MMJは業界で初めて、第6世代DRAMベースの1γ(ガンマ)品のサンプル出荷を行った。1α(アルファ)と1β(ベータ)DRAMの基盤上に、EUVリソグラフィと次世代高誘電率絶縁膜メタルゲート(HKMG)技術を活用して実現したもので、1β比で電力効率を20%、メモリ密度を30%以上向上している。AIやスマートフォン、自動車を含めて、クラウドからエッジデバイスまでの次期プラットフォームの強化につながるとする。

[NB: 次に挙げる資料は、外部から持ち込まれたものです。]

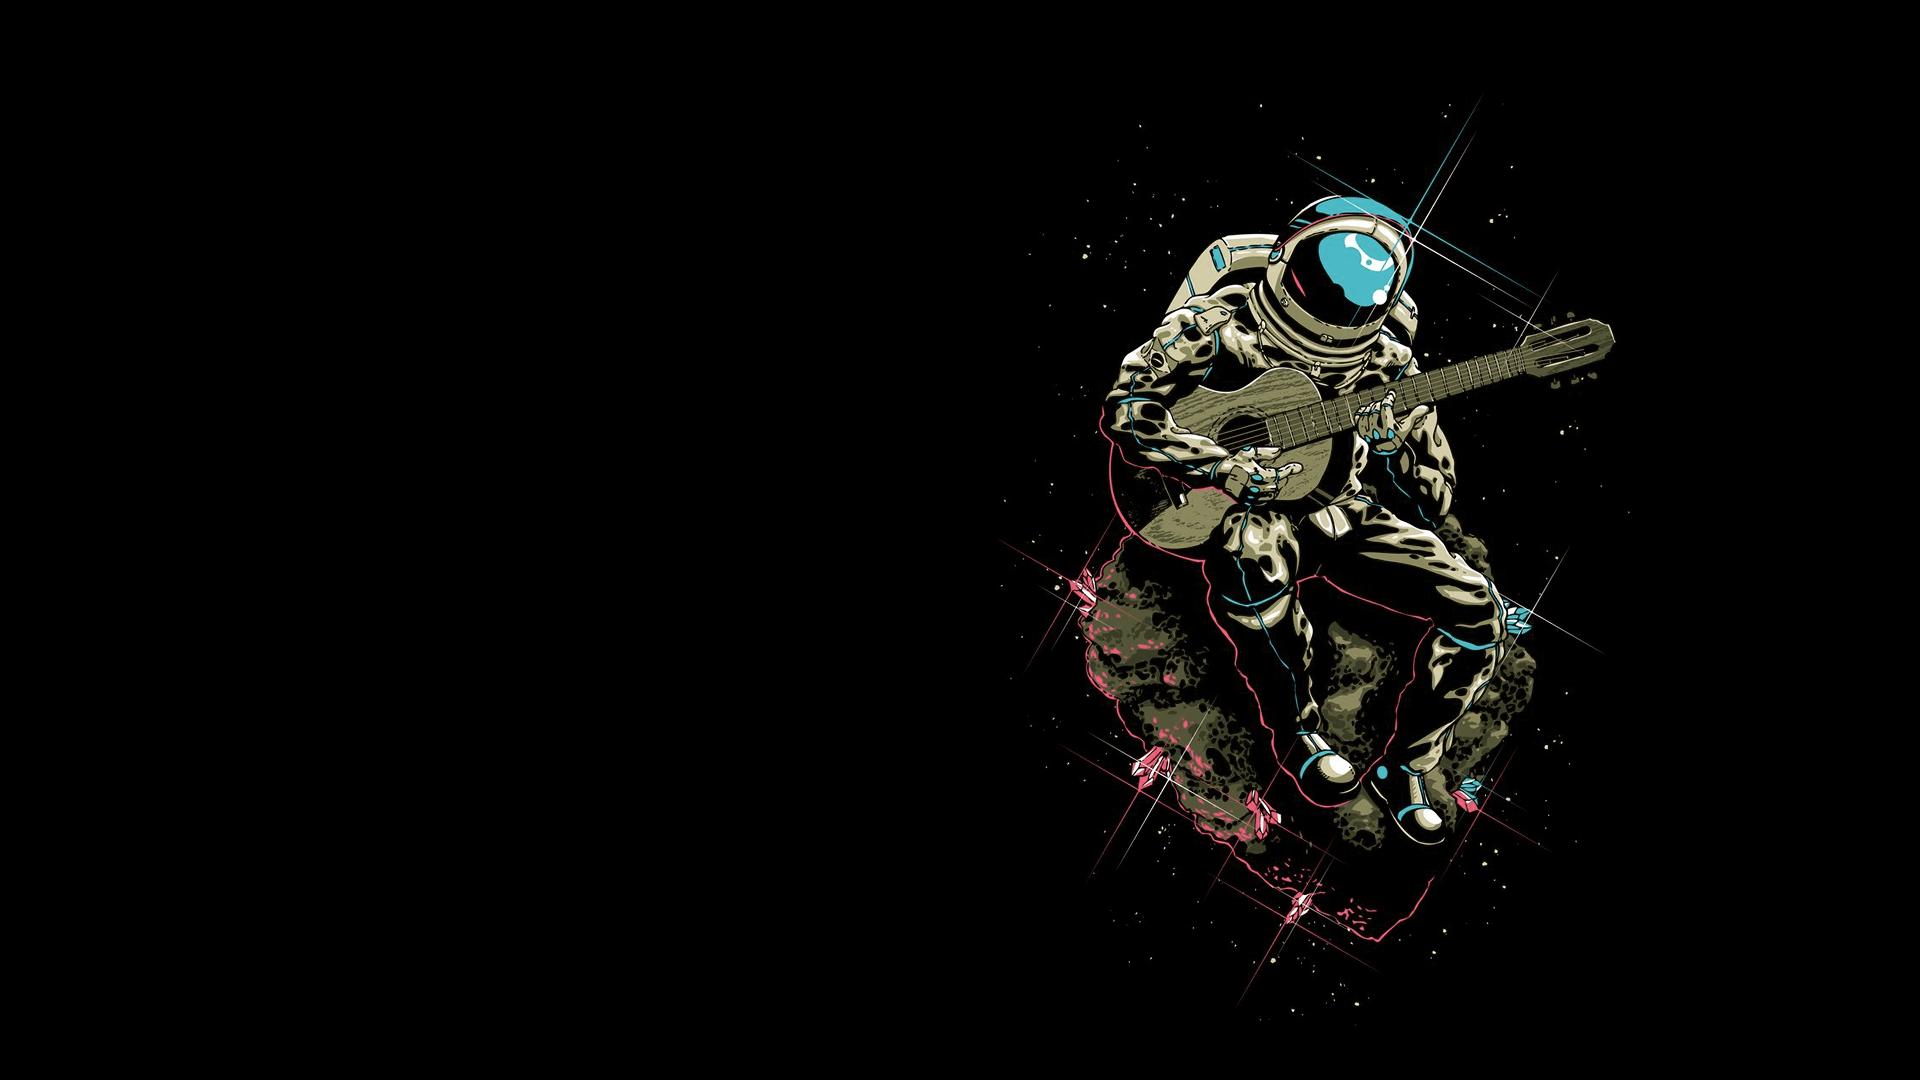 5800 Wallpaper Hp Astronaut Hd Terbaru

MMJでは、8個のHBM4(12層)をGPUと混載したAIパッケージの旺盛な需要への対応を急ぐが、実装するDRAM数は合計96個にもなる。これと同数のDRAMをGPUまわりに従来手法で配置するよりも、シリコン面積を大幅に削減できるのがAIパッケージの特徴だ。また、「CPUまわりにも何百個ものDRAMが使われ、データのやりとりをしているだけに、いかにメモリーの消費量が大きいかがわかる」という。

いまの1γ(ガンマ)DRAMは、HBMや半導体ストレージ(SSD)などに搭載されていく。着工した新クリーンルームではいちだんと高速化、大容量化、低消費電力化を図った次世代DRAMの量産に取り組む。現時点で稼働時期や量産規模、生産品目は明らかにしていない。

なお、日本政府が掲げる成長戦略において半導体産業は大きな柱だけに、経済産業省は海外半導体企業が日本に進出することを歓迎する。マイクロンのライバル企業であっても、「一般論として歓迎する」が、その企業から設備投資などに支援要請が合った場合は、「個別具体的に検討する」ことにしている。